Comment: One commenter asserted that CBP should make clear that the
inapplicability of the ``finality of liquidation'' rule is limited to
an audit conducted to assess lost duties, including offsetting of
overpayments, only in cases of 19 U.S.C. 1592. The commenter also
requested that CBP clarify whether offsetting is permitted for
overpayments on unliquidated entries identified within the time period
and scope of the audit.
CBP response: The proposed rule made clear that offsetting would
apply only to finally liquidated entries identified in a CBP audit for
calculating lost duties and monetary penalties under section 1592,
provided that all requirements for offsetting are met, including that
the identified overpayments are within the audit's time period and
scope (and within the time period and scope of any sampling plan
applied in accordance with proposed Sec. 163.11(c)) (proposed Sec.
163.11(d)(3) is Sec. 163.11(d)(4) in this final rule). It also made
clear that section 1592 permits the lost duty calculation on liquidated
entries despite the fact that their liquidations have become final.
This calculation of lost duties under section 1592 now includes
offsetting of overpayments by virtue of section 1509(b)(6)(A).
Regarding offsetting for unliquidated entries, it is possible that
both unliquidated and liquidated entries may be properly identified in
a CBP audit; however, section 1509(b)(6)(A) limits offsetting to
overpayments/over-declarations identified on finally liquidated
entries, provided that the overpayments/over-declarations were not made
by the audited entity for the purpose of violating any provision of law
and meet the other requirements of the statute.

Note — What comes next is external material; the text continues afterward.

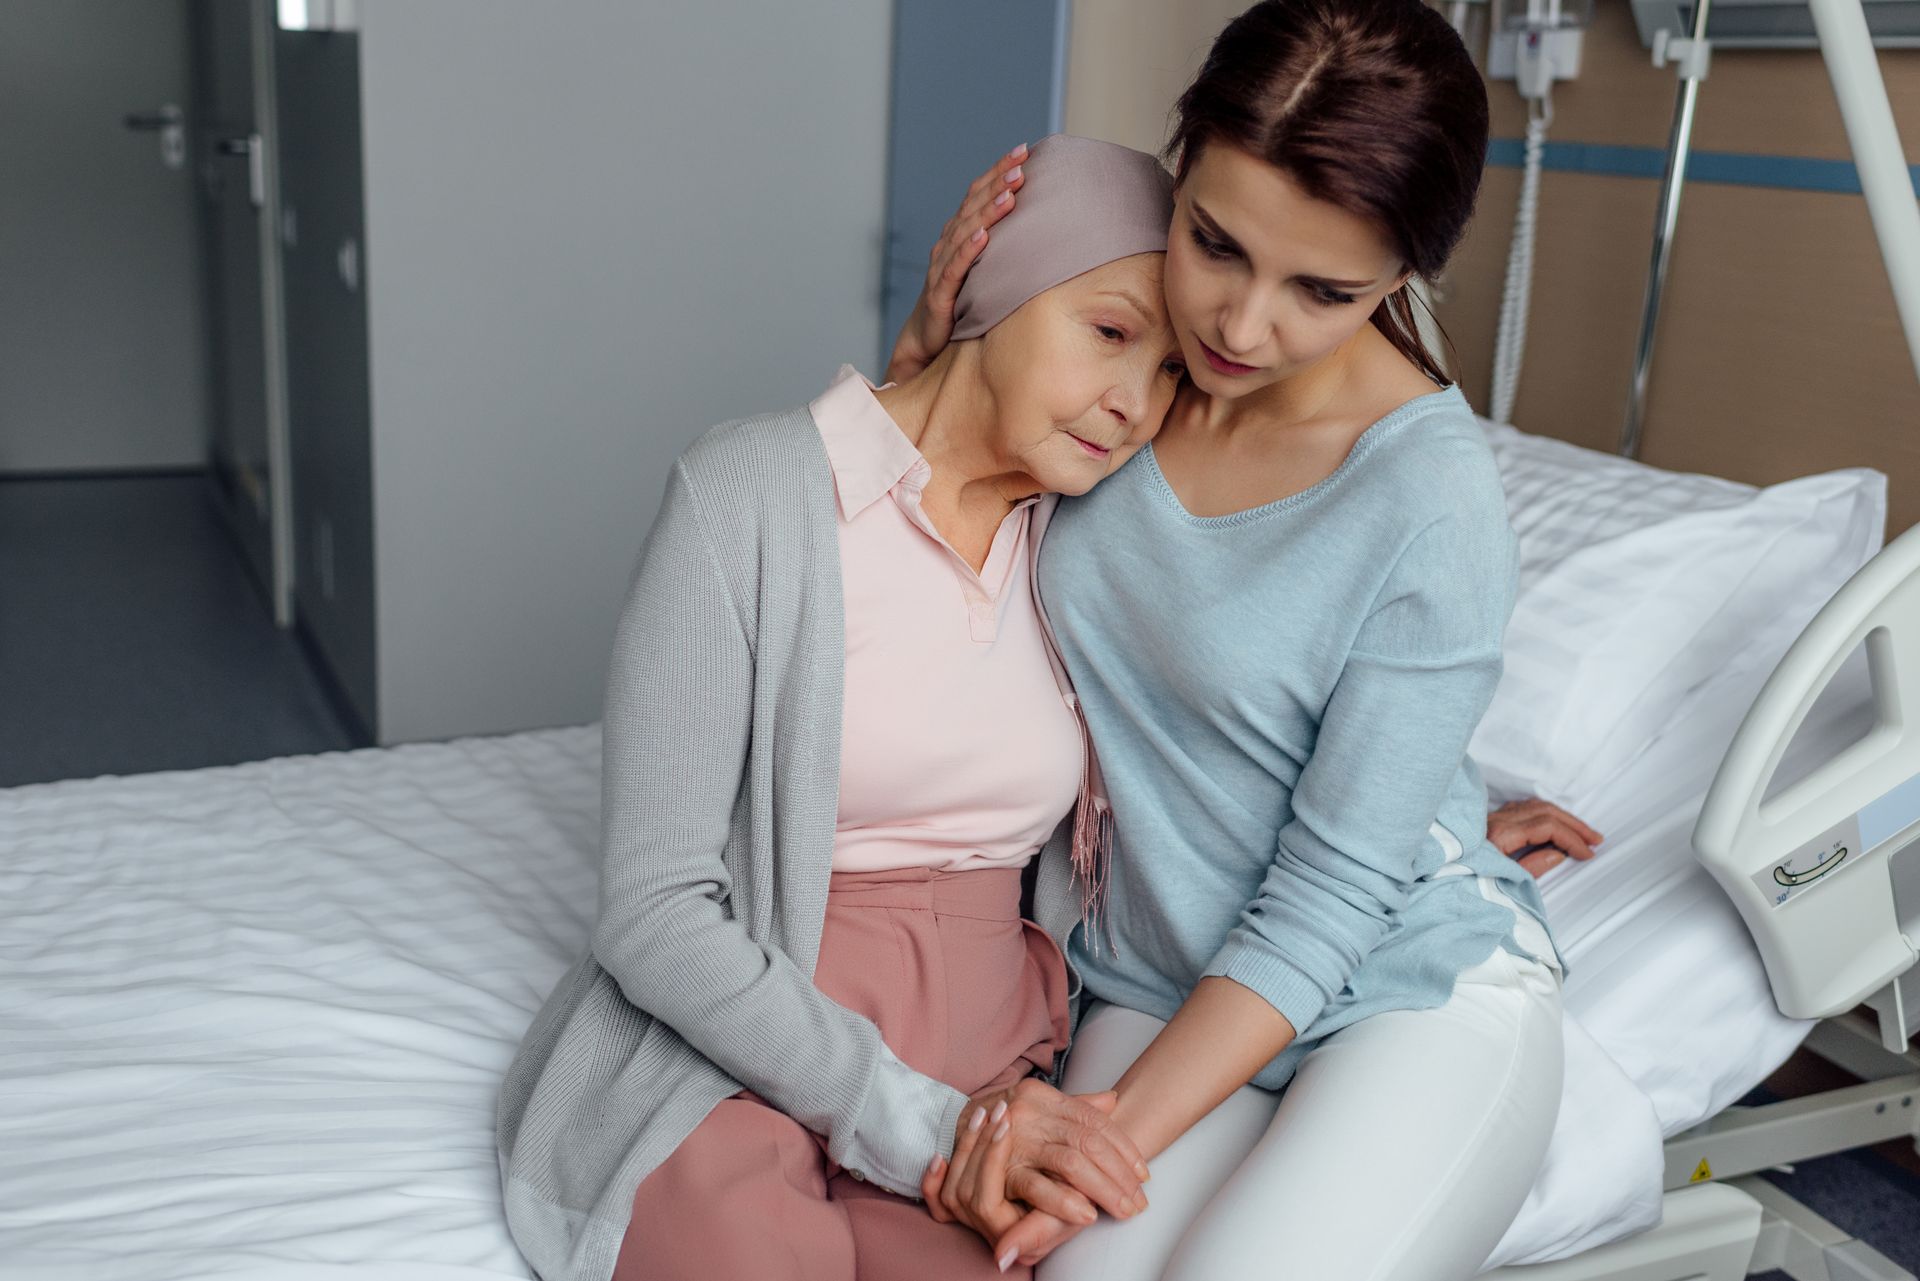 PTSS Voorbij-Holistisch herstel van PTSS en Trauma-Johan Reinhoudt-Jonge vrouw troost senior vrouw met kanker-zittend op rand ziekenhuisbed

Comment: One commenter recommended that members of the Importer
Self-Assessment Program (ISA) be allowed to benefit from offsetting.
CBP response: The ISA program is a voluntary partnership program
between CBP and companies operating under the customs laws, generally
importers. An ISA program member receives certain benefits under the
program, the most notable being removal from the pool of companies
subject to focused assessment audits (the general audit program
administered by RA for ensuring compliance with the customs laws and
regulations). CBP has a high degree of confidence in member companies
based on RA's initial evaluation of the companies' internal processes
and systems during the application process. ISA members are companies
with high compliance ratings, and CBP believes that the trust it has in
members is warranted and the benefits enjoyed by members are earned and
deserved. In addition to their initial evaluation by CBP in the
application process, member companies must perform an annual self
review of its customs operations that it submits to RA. The ISA annual
self-review may occasionally result in the discovery of errors that
lead to the filing of a prior disclosure.
The benefit of offsetting in prior disclosures is available to ISA
members just as it is available to any importer. As trusted members of
the ISA program whose records, systems performance, and regular
monitoring engender CBP confidence, ISA member prior disclosures may
not require extensive CBP RA review, though that is a judgment for RA
to make on a case-by-case basis.
Comment: One commenter stated that because offsetting is an
importer's right under the statute, the discretionary ``may'' should be
changed to ``shall'' and ``will'' under, respectively, proposed Sec.
163.11(d)(1) pertaining to CBP's authority to allow offsetting and
proposed Sec. 163.11(d)(2) pertaining to an audited entity's
offsetting when self-testing under CBP supervision.
CBP response: CBP agrees that ``may'' should be changed. Therefore,
``may'' has been changed to ``will'' in both provisions. CBP has also
added language in both provisions to clarify that the approval of
offsetting by CBP is dependent on all the requirements for offsetting
in Sec. 163.11(d) being met.
Comment: One commenter stated that proposed Sec. 163.11(d)(4) has
an incorrect reference to paragraph (d)(4) that should instead
reference paragraph (d)(3).
CBP response: CBP agrees and has made the correction. However, in
this final rule, proposed Sec. 163.11(d)(3) has been redesignated as
Sec. 163.11(d)(4) and proposed Sec. 163.11(d)(4) has been
redesignated as Sec. 163.11(d)(5). Thus, the reference is now to Sec.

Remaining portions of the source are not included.